= How Doth the Little Crocodile? =

Mystery novel by Anthony and Peter Shaffer

First edition (UK)

How Doth The Little Crocodile? was the first of three murder mystery novels written by twin authors Anthony and Peter Shaffer. It featured their eccentric detective Mr Verity who also appeared in their other novel Withered Murder.

==History==
How Doth The Little Crocodile? was first published in London by Evans in 1952 in the US by MacMillan in 1957 as part of their "Cock Robin Mystery" books.

The first edition by Evans was published under the pseudonym Peter Antony but this was changed to Anthony & Peter Shaffer by Macmillan. Another change to note is the detective's name goes from Mr Verity in the original to Mr Fathom in the US edition.

== Plot summary ==
NOTE: Mr Verity is known as Mr Fathom in the US edition.

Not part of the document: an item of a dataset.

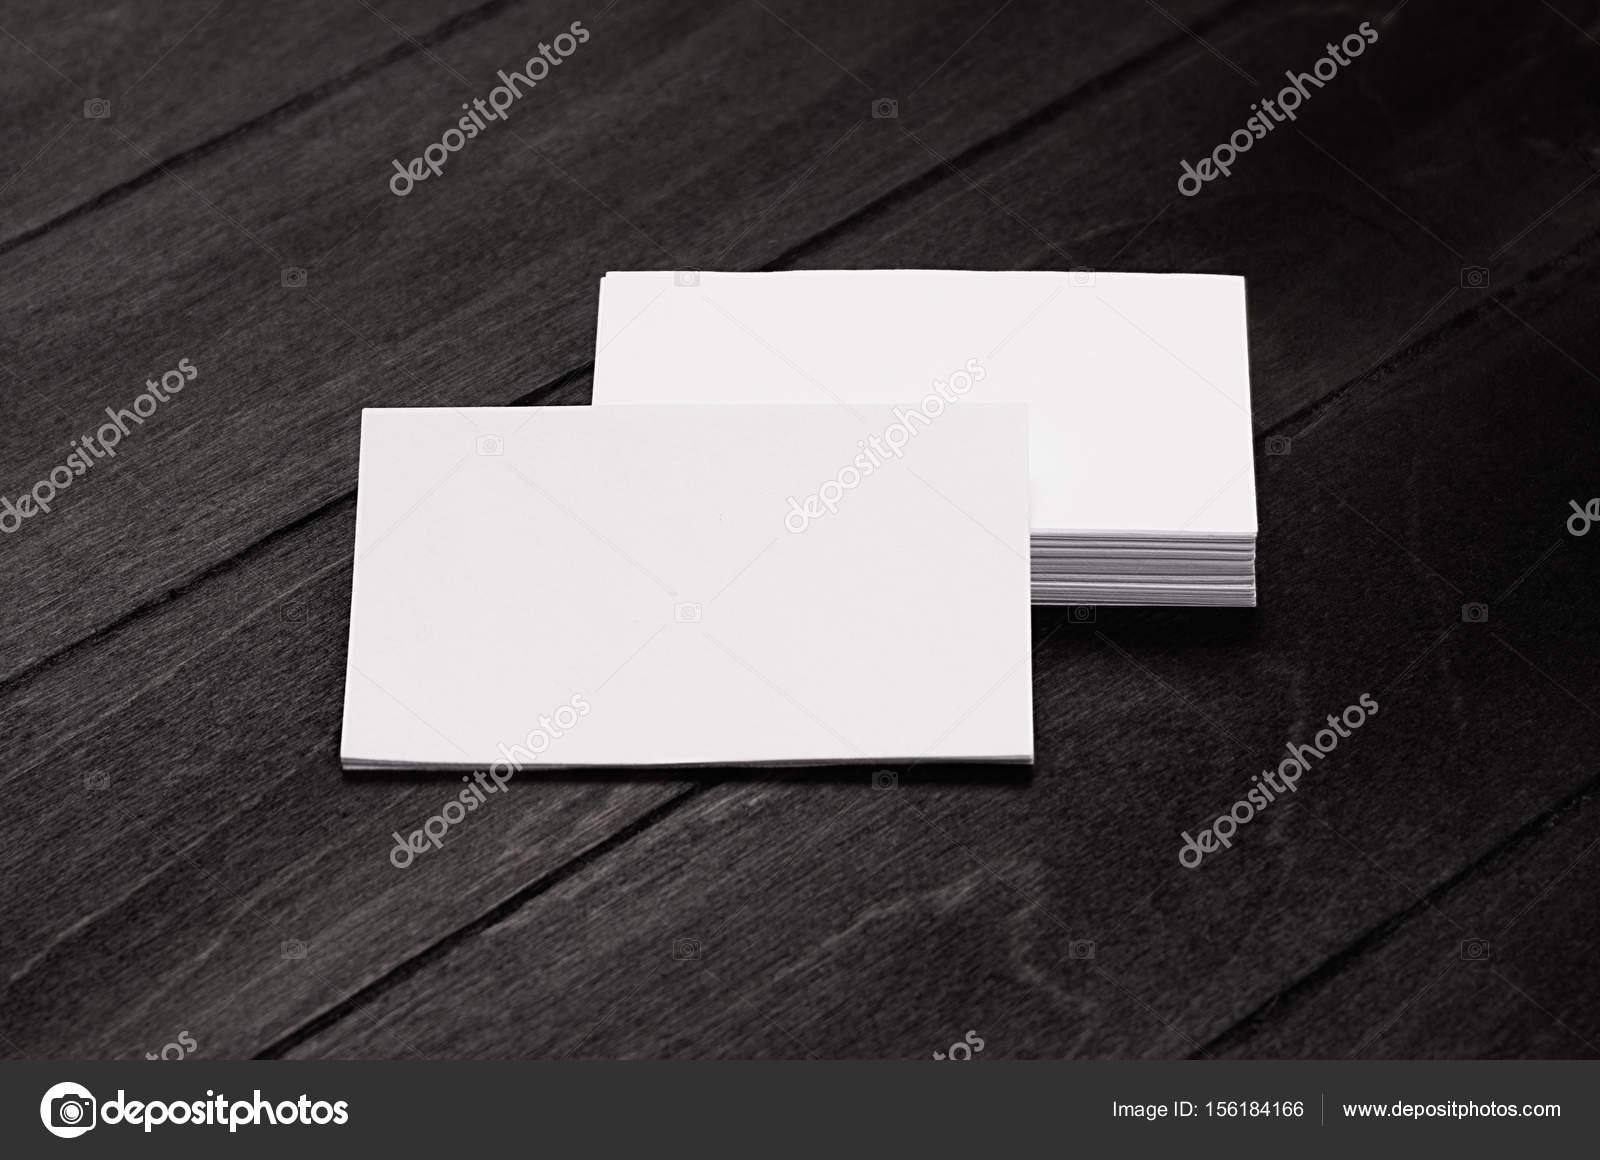 Stapel Leer Unternehmensidentität Visitenkarten Auf

Mr. Verity takes on the case of Roger Hope, a man who had stood trial for the murder of retired judge Sir Derek Livingstone. He was later acquitted due to late evidence that proved his innocence.

Roger Hope, a member of the De Quincey's Society of Connoisseurs in Murder club, wrote to the other members, informing them he knew the identity of the real murderer, which he would reveal at their next meeting. However, before this meeting took place, Roger Hope was struck by a car and killed.

Mr. Verity, himself a member of the connoisseurs' club, had also received the same letter sent to his fellow club members. He finds himself in Allsop, Sussex, investigating Roger Hope's suspicious death and his claims about the identity of Sir Derek Livingstone's real murderer.

Working his way through a variety list of suspects, Mr. Verity finds they all had motives for killing Derek Livingstone, and all had left clues in doing so. However, the truth concerning Roger Hope and his untimely death is even more puzzling, and Mr. Verity's revelations at the conclusion leave the guests of the murder club shocked and amazed.

==Value==
Despite several attempts by publishers to have them reprinted, these books are now long out of print and copies in excellent condition can sell for high prices.